Key-Value Cache (KV Cache)

During the decoding phase, the Transformer's attention mechanism needs access to the "keys" and "values" computed for all previously processed tokens (both from the prompt and already generated output). To avoid recomputing these for every new token, they are stored in a memory structure called the KV cache. As more tokens are generated, the KV cache grows dynamically, consuming significant GPU memory. The size of the KV cache depends on the sequence length, batch size, number of layers, number of attention heads, and hidden dimension.

Distributed LLM Inference

Due to their massive size, many LLMs cannot fit into a single GPU's memory or require faster inference than a single GPU can provide. Distributed inference techniques are used to spread the model across multiple GPUs or even multiple machines.

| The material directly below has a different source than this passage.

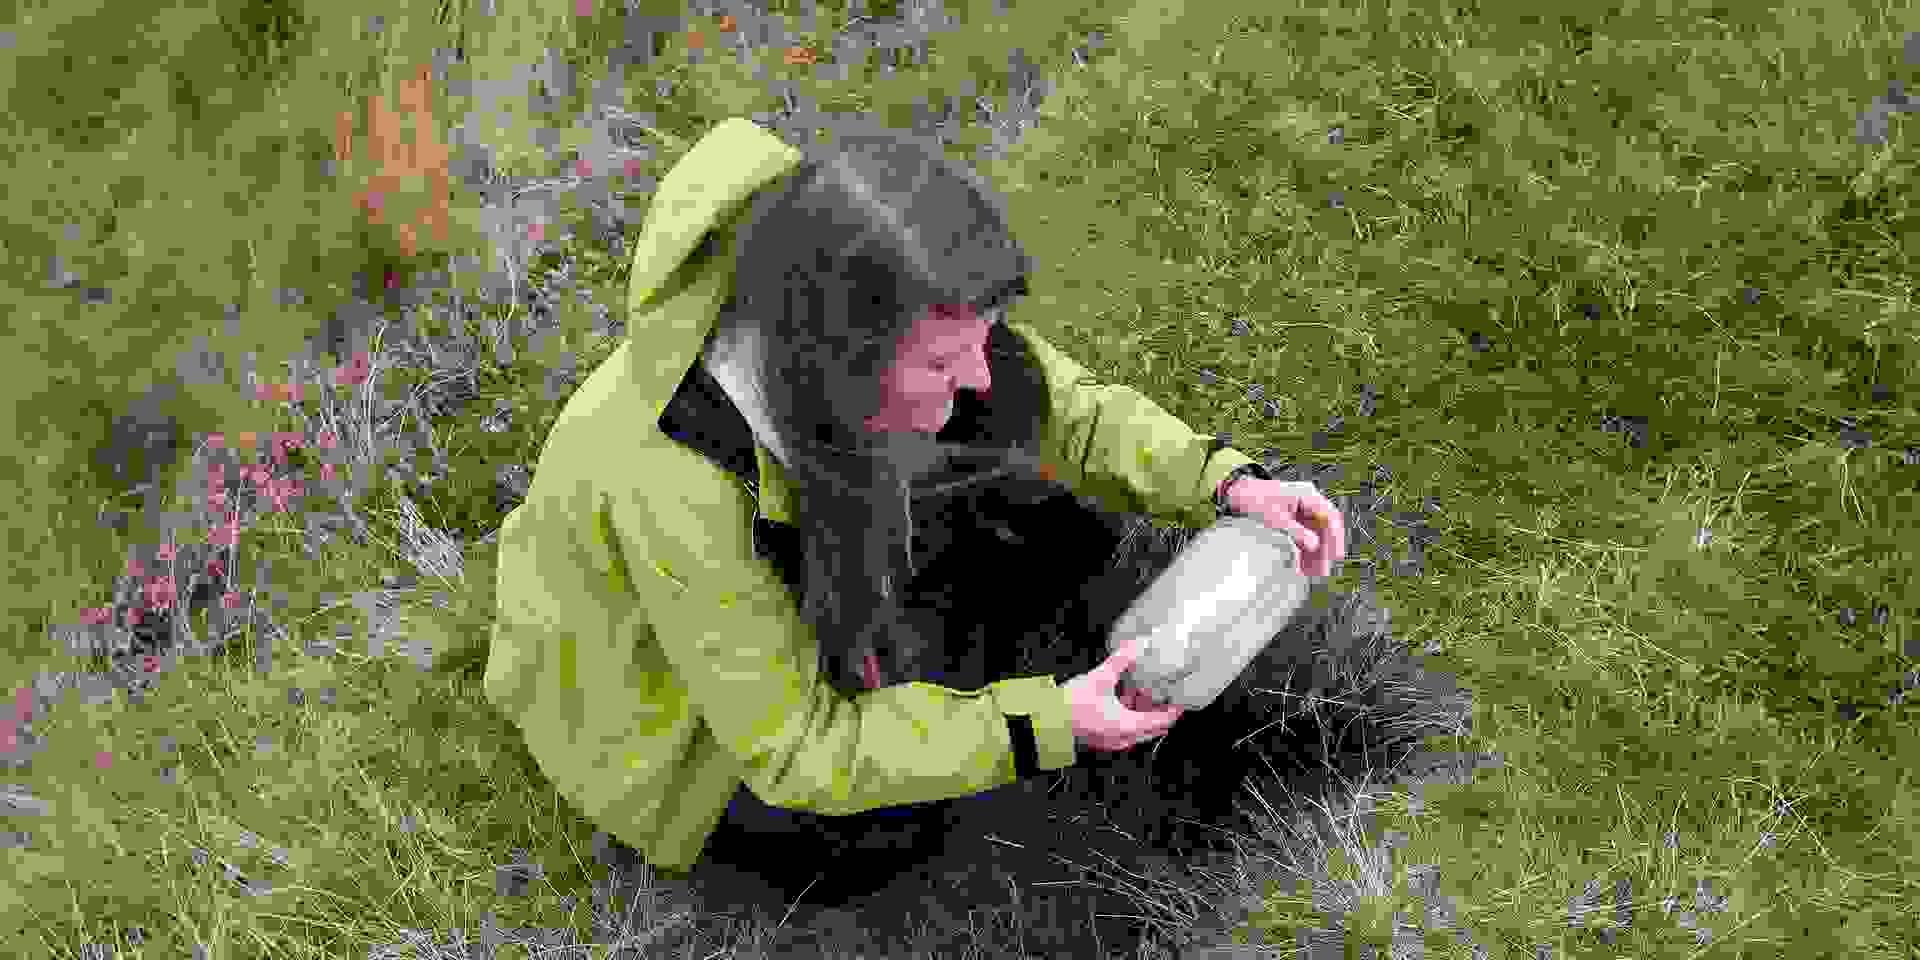 Eine junge Frau verbuddelt beim Geocaching einen Cache.

Intra-operator Parallelism (Tensor Parallelism): This technique splits individual LLM layers (e.g., attention mechanism, feed-forward networks) across multiple GPUs. For example, the weight matrices of a linear layer might be partitioned, and different GPUs compute parts of the output. This significantly reduces the memory footprint on each GPU and can reduce inference latency. However, it requires frequent communication between GPUs to exchange intermediate results.
Inter-operator Parallelism (Pipeline Parallelism): This technique partitions the LLM into multiple stages (groups of layers), with each stage placed on a different GPU. Data flows in a pipeline fashion, where one GPU completes its stage and passes the output to the next GPU. This introduces minimal communication overhead but does not reduce the latency for a single request as much as tensor parallelism; rather, it improves overall throughput by allowing multiple requests to be processed concurrently in different pipeline stages.

GPU Multiplexing

Multiplexing refers to techniques for sharing GPU resources among multiple tasks or models.

Spatial Multiplexing: Divides a GPU's physical resources (like memory or Streaming Multiprocessors - SMs) into separate partitions, each allocated to a different task, allowing them to run concurrently.
- NVIDIA Multi-Instance GPU (MIG): A hardware feature on some NVIDIA GPUs (like A100) that allows physically partitioning a single GPU into multiple smaller, isolated GPU instances. Each MIG instance has its own dedicated memory, compute cores, and caches, providing strong isolation.
- NVIDIA CUDA Multi-Process Service (MPS): A software layer that allows multiple CUDA applications to share a single GPU by providing concurrent access to its resources. MPS creates a daemon process that arbitrates access to the GPU, effectively partitioning its compute units (SMs) among different processes. It provides finer-grained resource sharing than MIG but with less strict isolation.
Temporal Multiplexing: Tasks share the entire GPU (or a group of GPUs) but take turns using it over time. Each task occupies the full computational resource for a specific time interval, and scheduling determines the order and duration of these intervals.

Throughput, Latency, and Service Level Objective (SLO)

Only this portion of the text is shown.